▶ [WHAT IS EXPECTED] Would you write out every record that follows exactly, with the pictures left out?

▶ [SOURCE DATA]
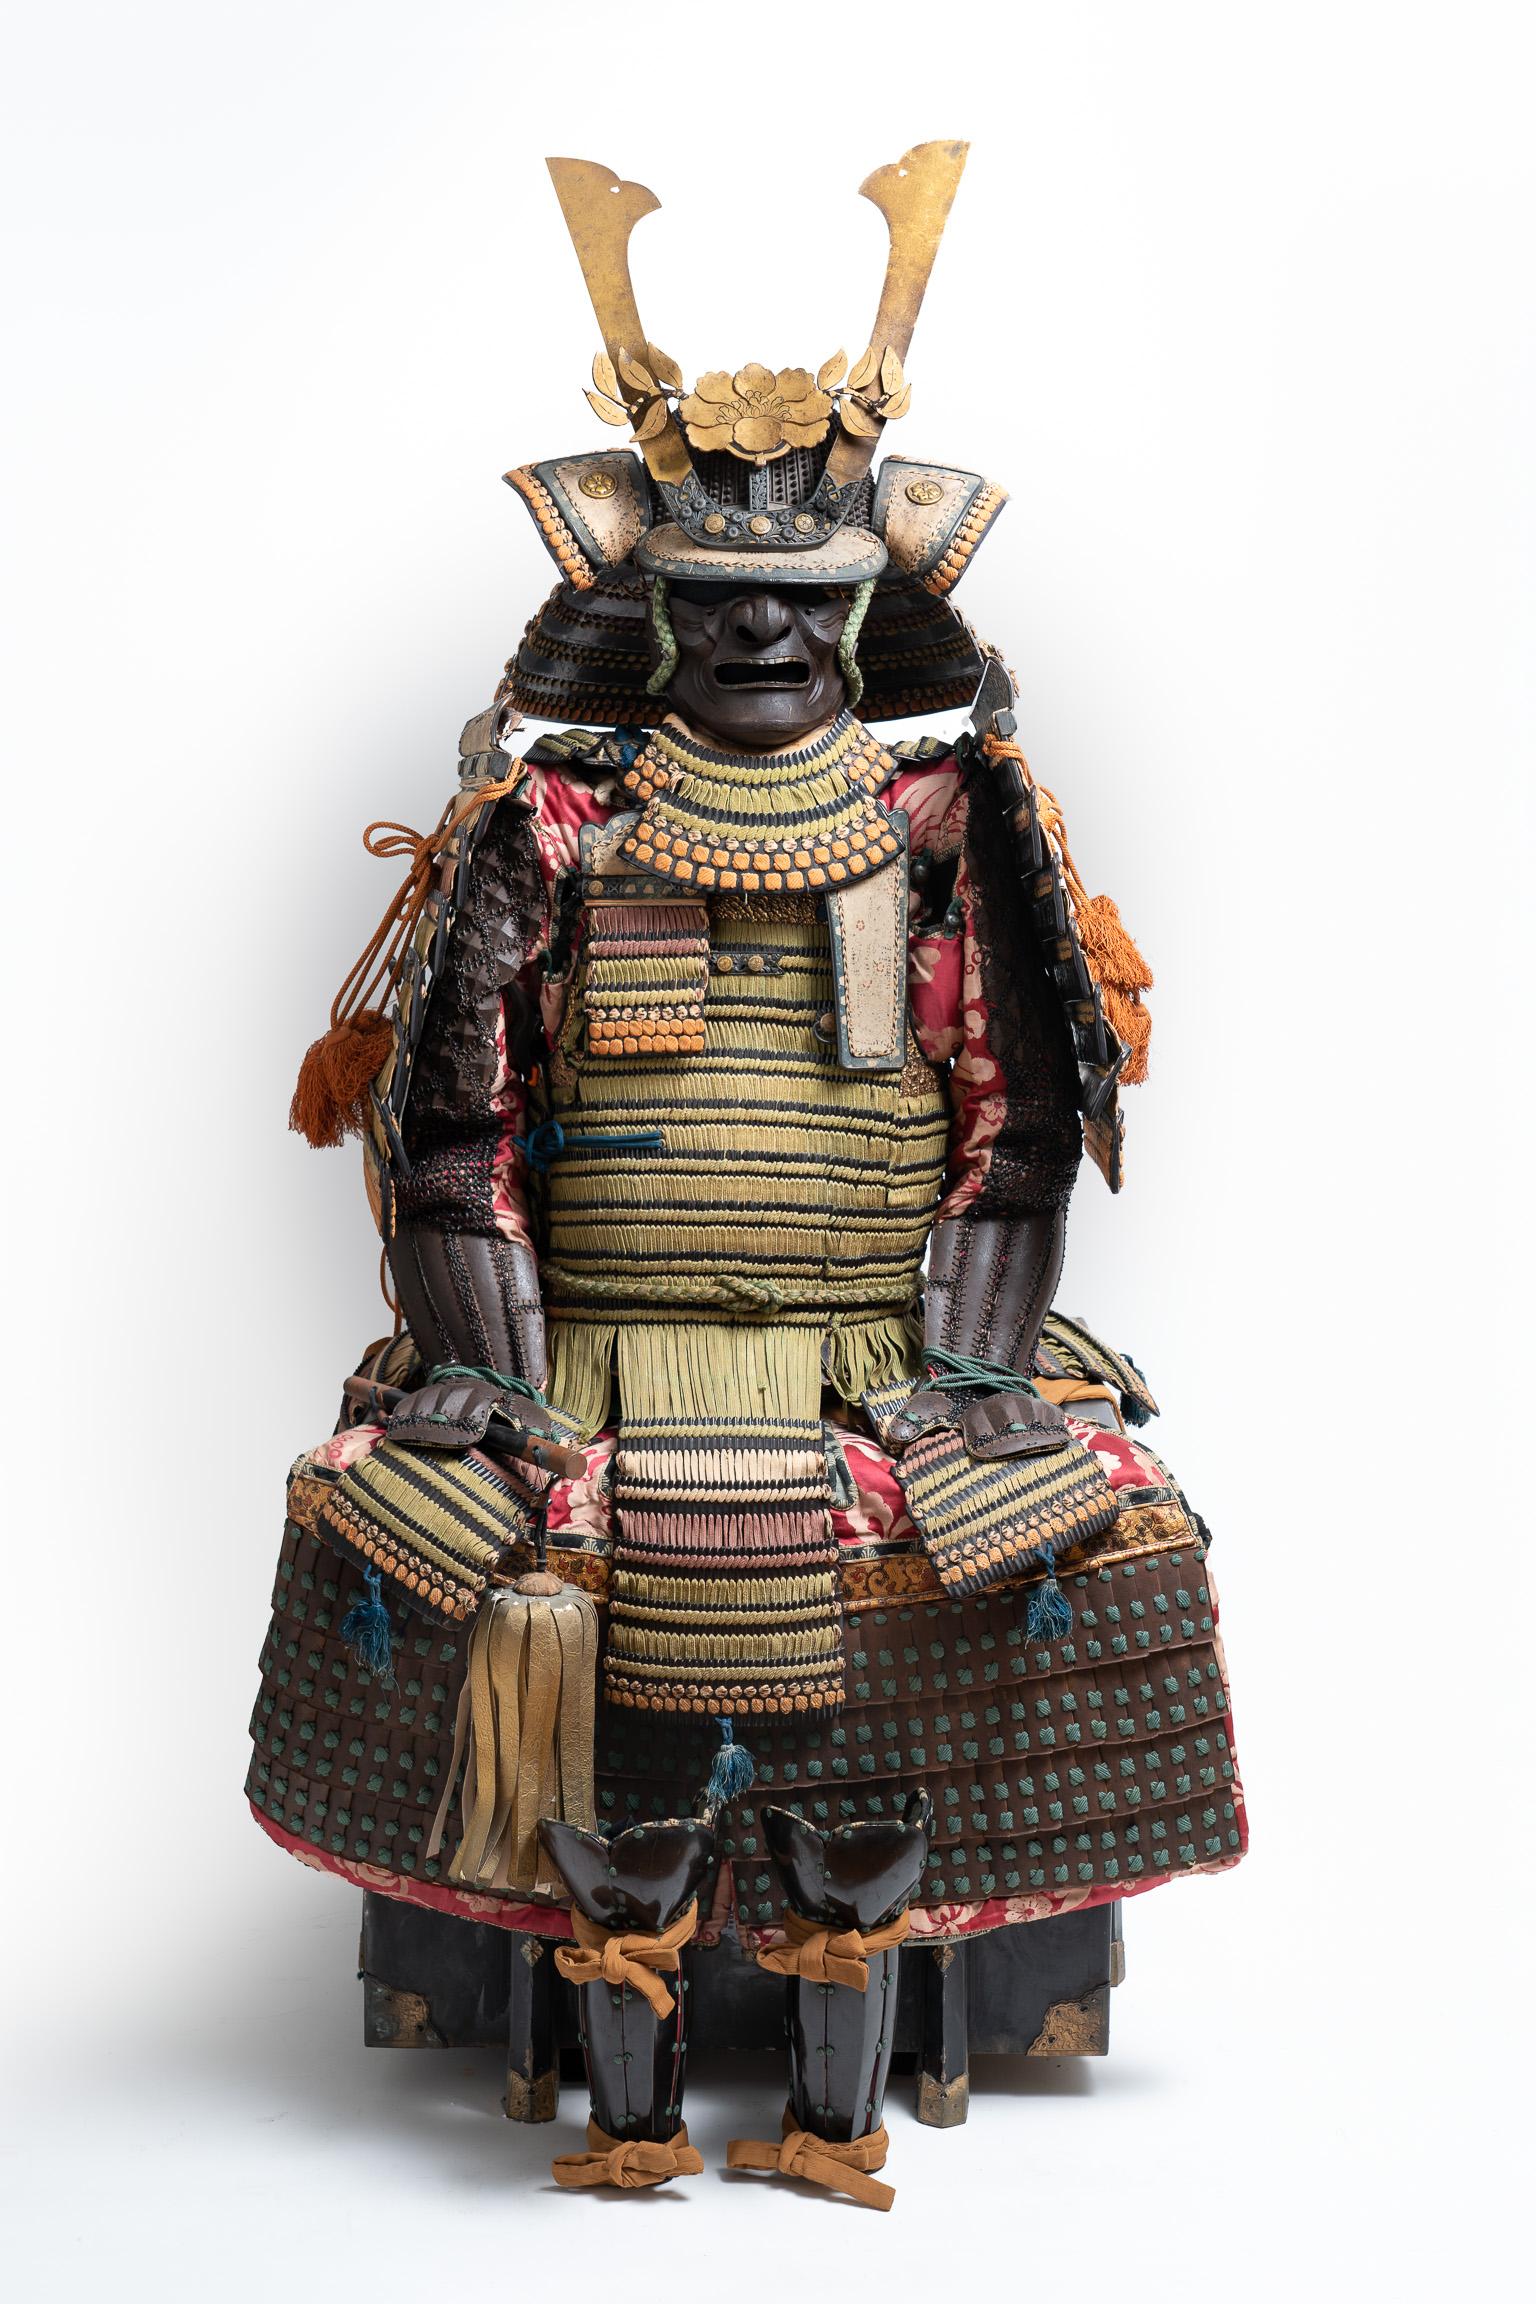 Hon-kozane ni-mai do tosei gusoku
Samurai-Rüstung im Revival-Stil

Edo-Periode,  17. bis 18. Jahrhundert

Unterschrift auf dem kabuto: Jōshū jū Saotome Ietada

 

Kabuto [Helm]: Ein Kabuto aus rostrotem Eisen (tetsu sabiji) mit zweiundsechzig

▶ [TASK RESPONSE]
 Hon-kozane ni-mai do tosei gusoku
Samurai-Rüstung im Revival-Stil

Edo-Periode,  17. bis 18. Jahrhundert

Unterschrift auf dem kabuto: Jōshū jū Saotome Ietada

 

Kabuto [Helm]: Ein Kabuto aus rostrotem Eisen (tetsu sabiji) mit zweiundsechzig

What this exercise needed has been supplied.